I would suggest using a mean-shift kernel to find the density center of your dots.
Mean-shift illustration http://cvr.yorku.ca/members/gradstudents/kosta/compvis/file_mean_shift_path.gif
This figure shows a mean-shift kernel (centered initially on the edge of the cluster) converge towards the cluster's point of highest density.
In theory (in a nutshell):
Several answers to this questions already hinted at the mean-shift way of doing it:
P Daddy's blurring the image and finding the darkest spot is actually a kernel density estimation (KDE) method, which is the theoretical basis of the mean-shift.
Both j0rd4n and Bill the Lizard suggested to discretize your space into blocks and inspect their densities.
What you see in the animated figure is a combination of these two suggestions: it uses a moving "block" (i.e. the kernel) to seek the locally highest density.
The mean-shift is an iterative method that uses a pixel neighborhood called the kernel (similar to this one) and uses it to compute the mean of the underlying image data. The mean in this context is the pixel-weighted average of the kernel coordinates.
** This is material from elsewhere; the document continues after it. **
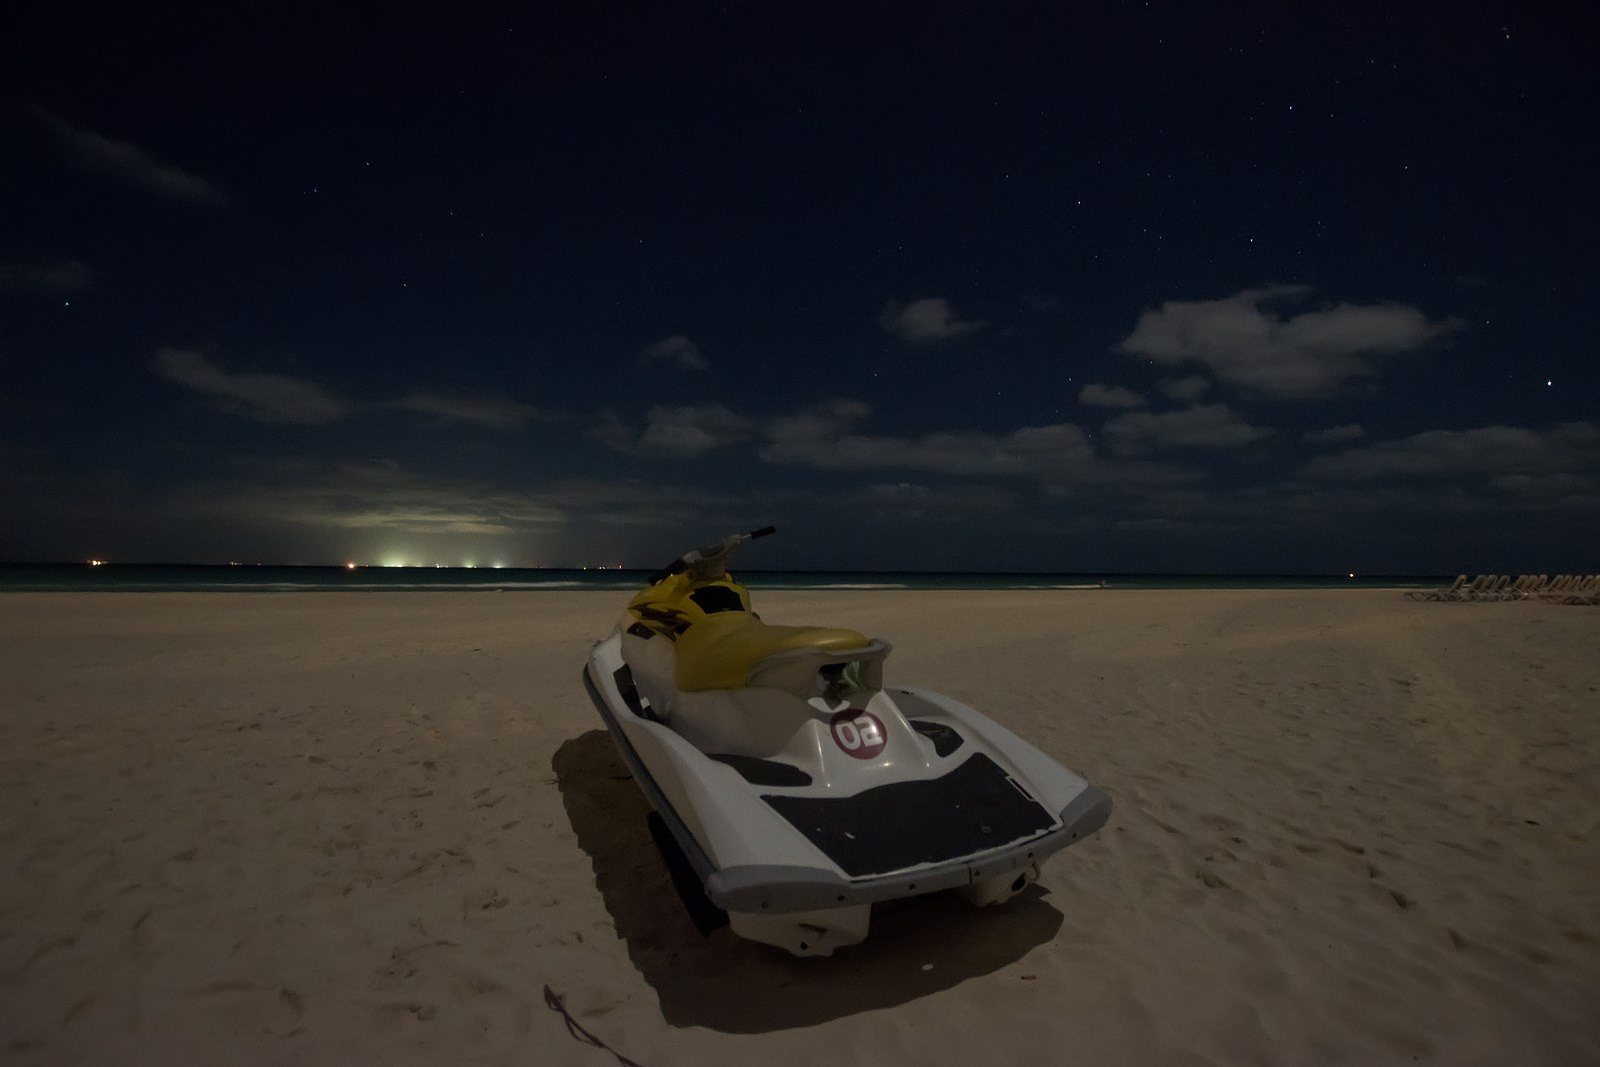 Night on the beach by Waldemar Sadlowski

In each iteration the kernel's mean defines its center coordinates for the next iteration - this is called the shift. Hence the name mean-shift. The stop condition for the iterations is when the shift distance drops to 0 (i.e. we are at the most dense spot in the neighborhood).
A comprehensive introduction to mean-shift (both in theory and application) can be found in this ppt presentation.
In practice:
An implementation of the mean-shift is available in OpenCV:
int cvMeanShift( const CvArr* prob_image, CvRect window,
CvTermCriteria criteria, CvConnectedComp* comp );
O'Reilly's Learning OpenCv (google book excerpts) also has a nice explanation on how it works. Basically just feed it your dots image (prob_image).
In practice, the trick is to choose the adequate kernel size. The smaller the kernel, the closer you need to initiate it to the cluster. The bigger the kernel, the more random your initial position can be. However, if there are several clusters of dots in your image, the kernel might converge right between them.